= Beginning of Section =
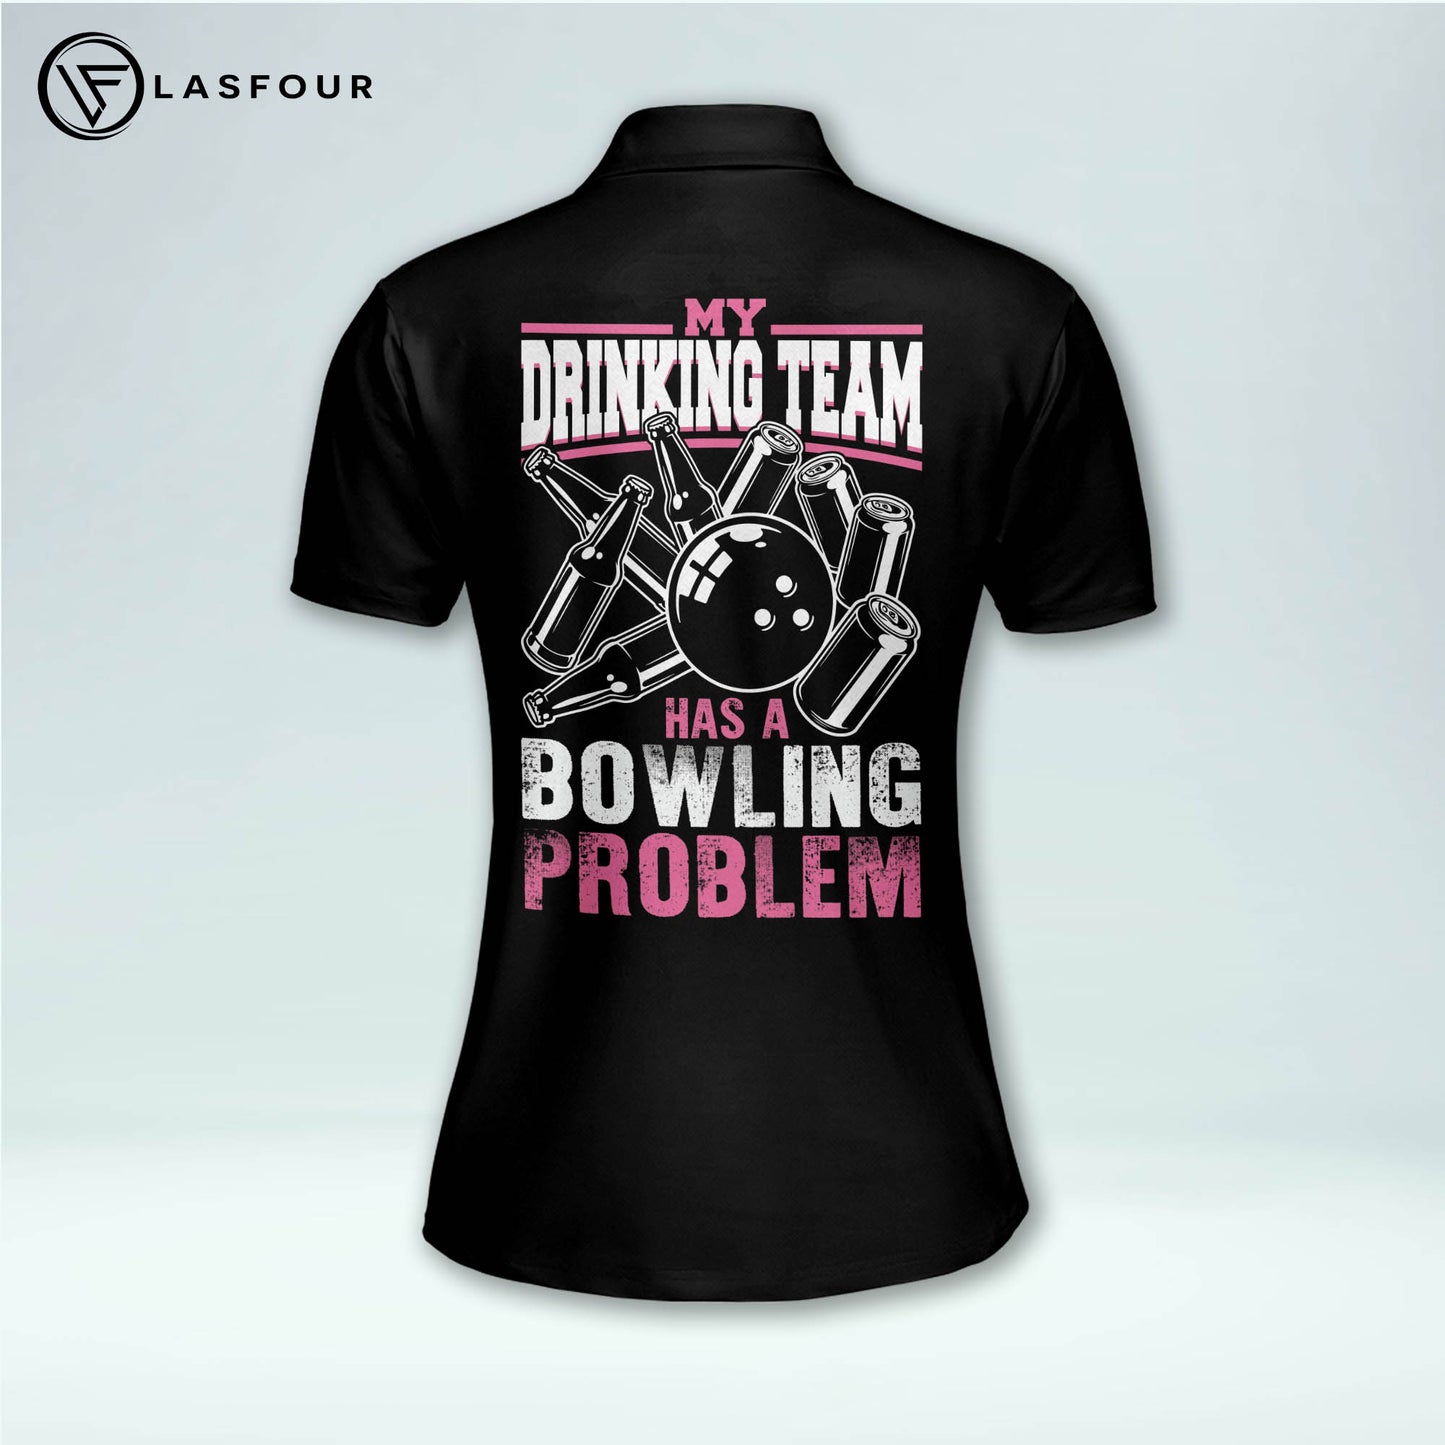 Has A Problem Bowling Shirts Women BW0113
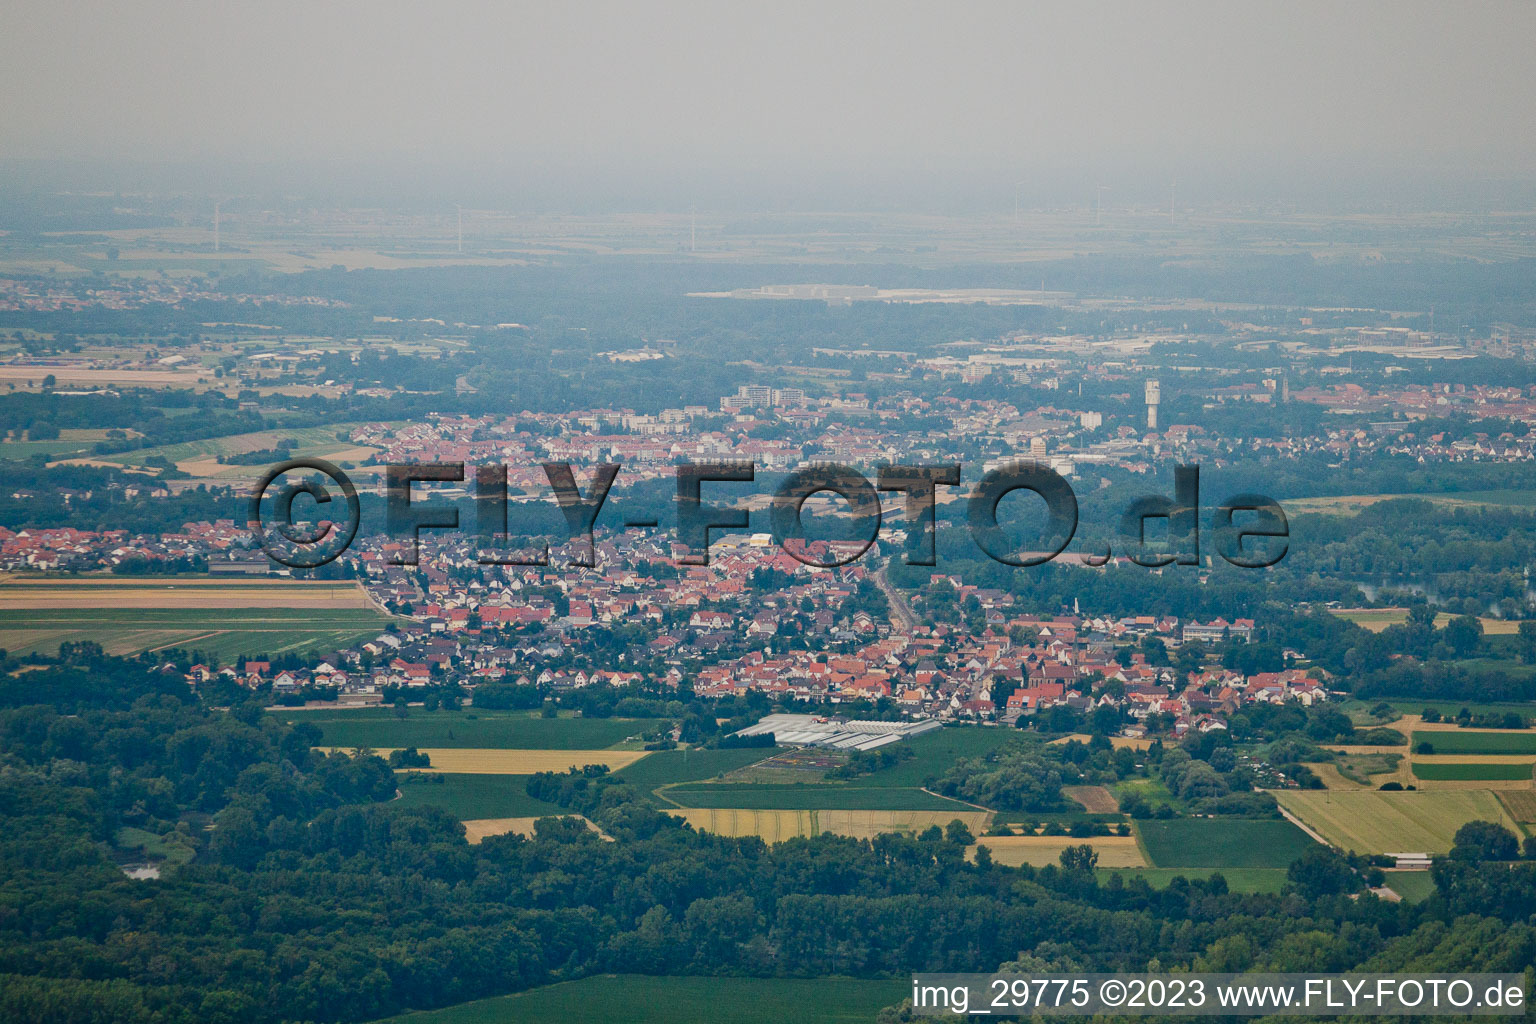 Aerial view of District Sondernheim in Germersheim in the state Rhineland-Palatinate, Germany
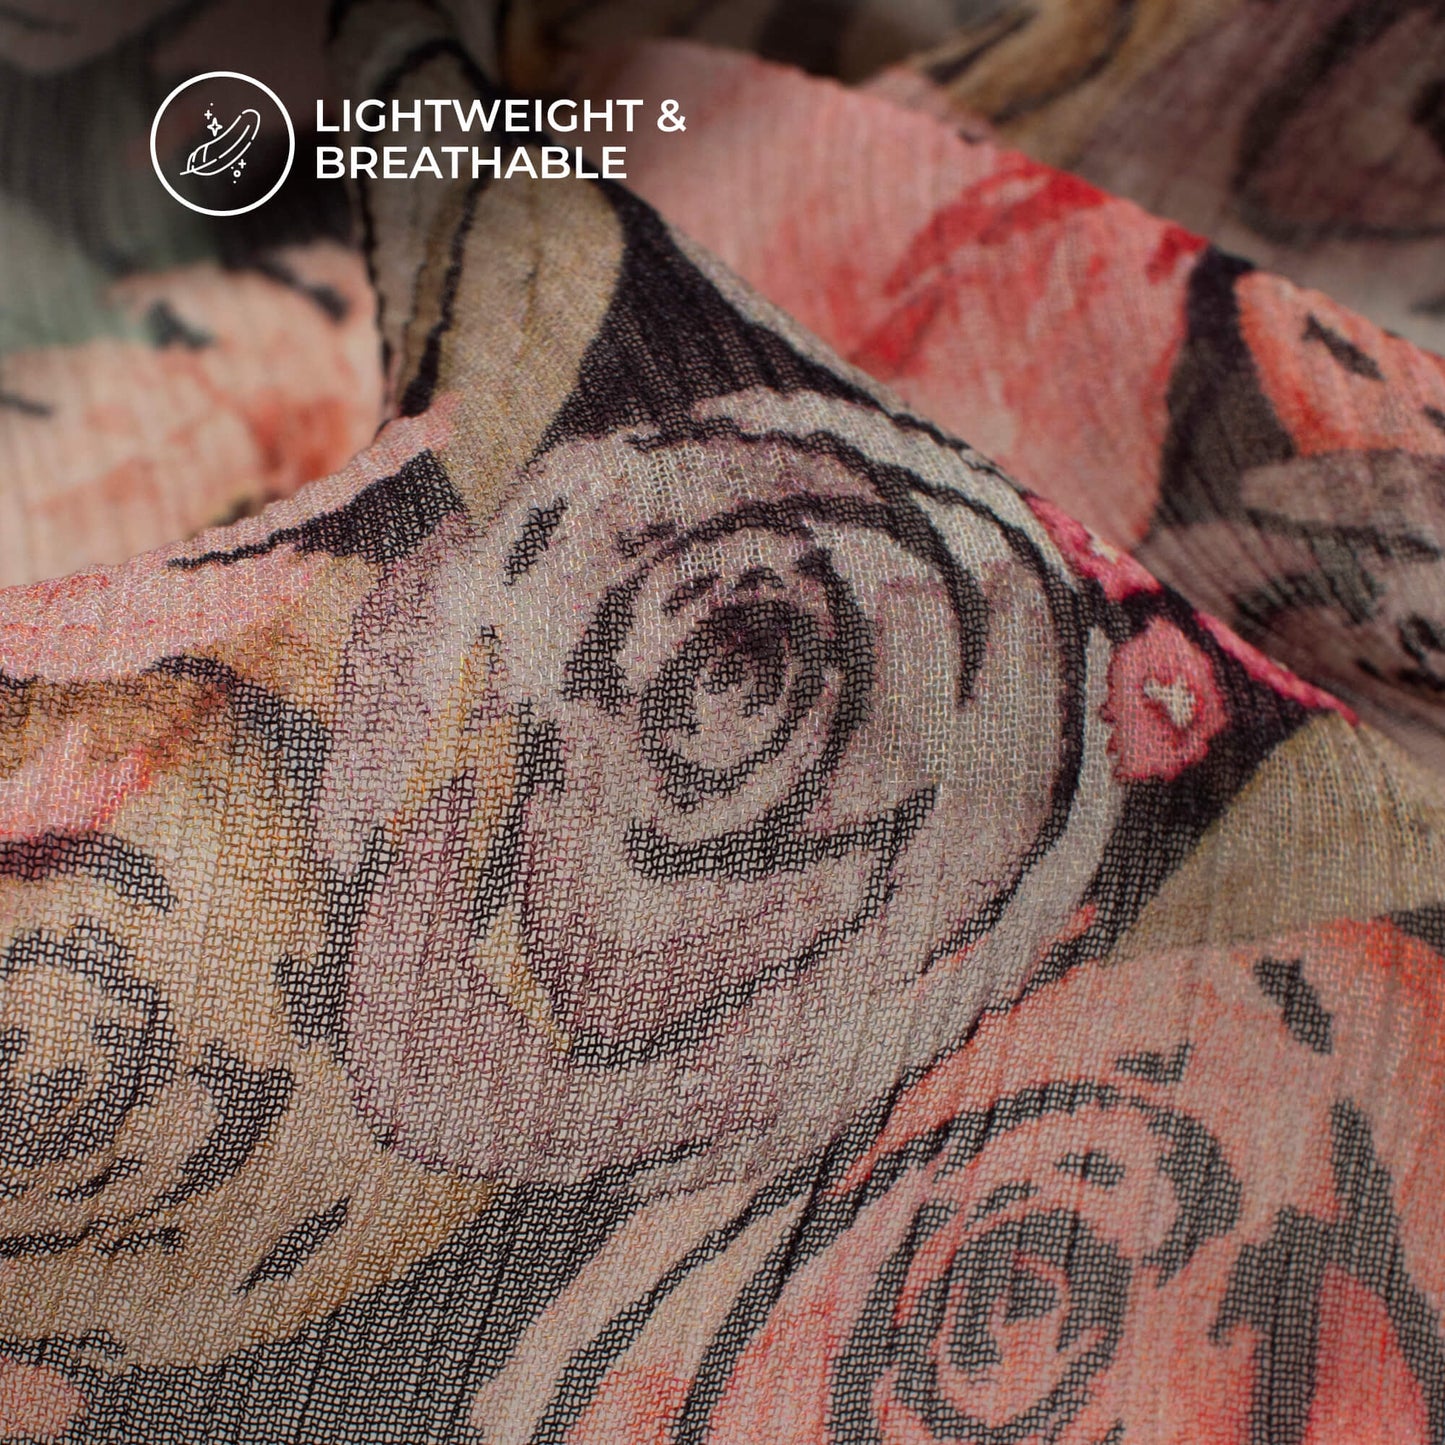 Light Pink Floral Digital Print Bemberg Chiffon Fabric
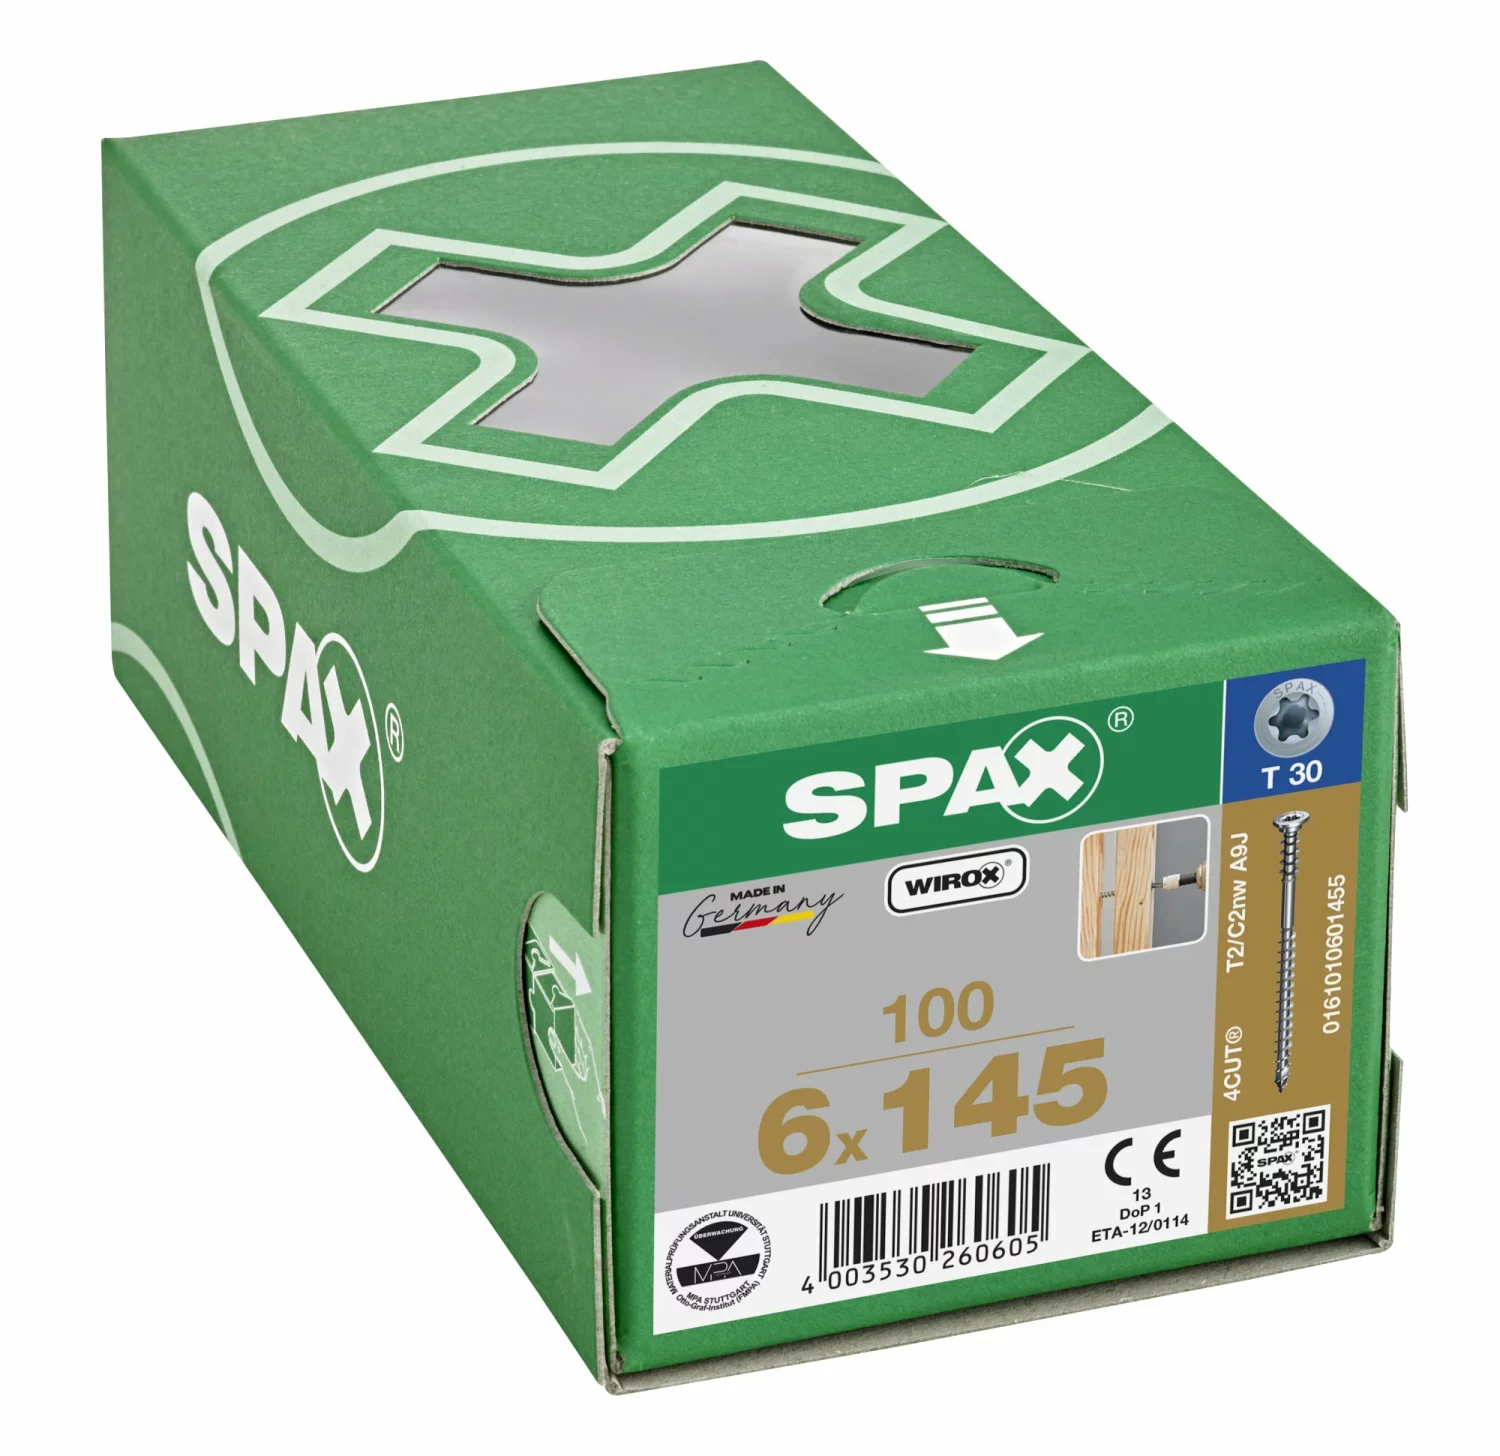 SPAX 161010601455 Stelschroef, Platkop, 6 x 145, Deeldraad, T-STAR plus TX30 - WIROX - 100 stuks-image
= End of Section =
- Exercise goal: With images omitted, output the data exactly as given.

- Solution:
 Has A Problem Bowling Shirts Women BW0113
 Aerial view of District Sondernheim in Germersheim in the state Rhineland-Palatinate, Germany
 Light Pink Floral Digital Print Bemberg Chiffon Fabric
 SPAX 161010601455 Stelschroef, Platkop, 6 x 145, Deeldraad, T-STAR plus TX30 - WIROX - 100 stuks-image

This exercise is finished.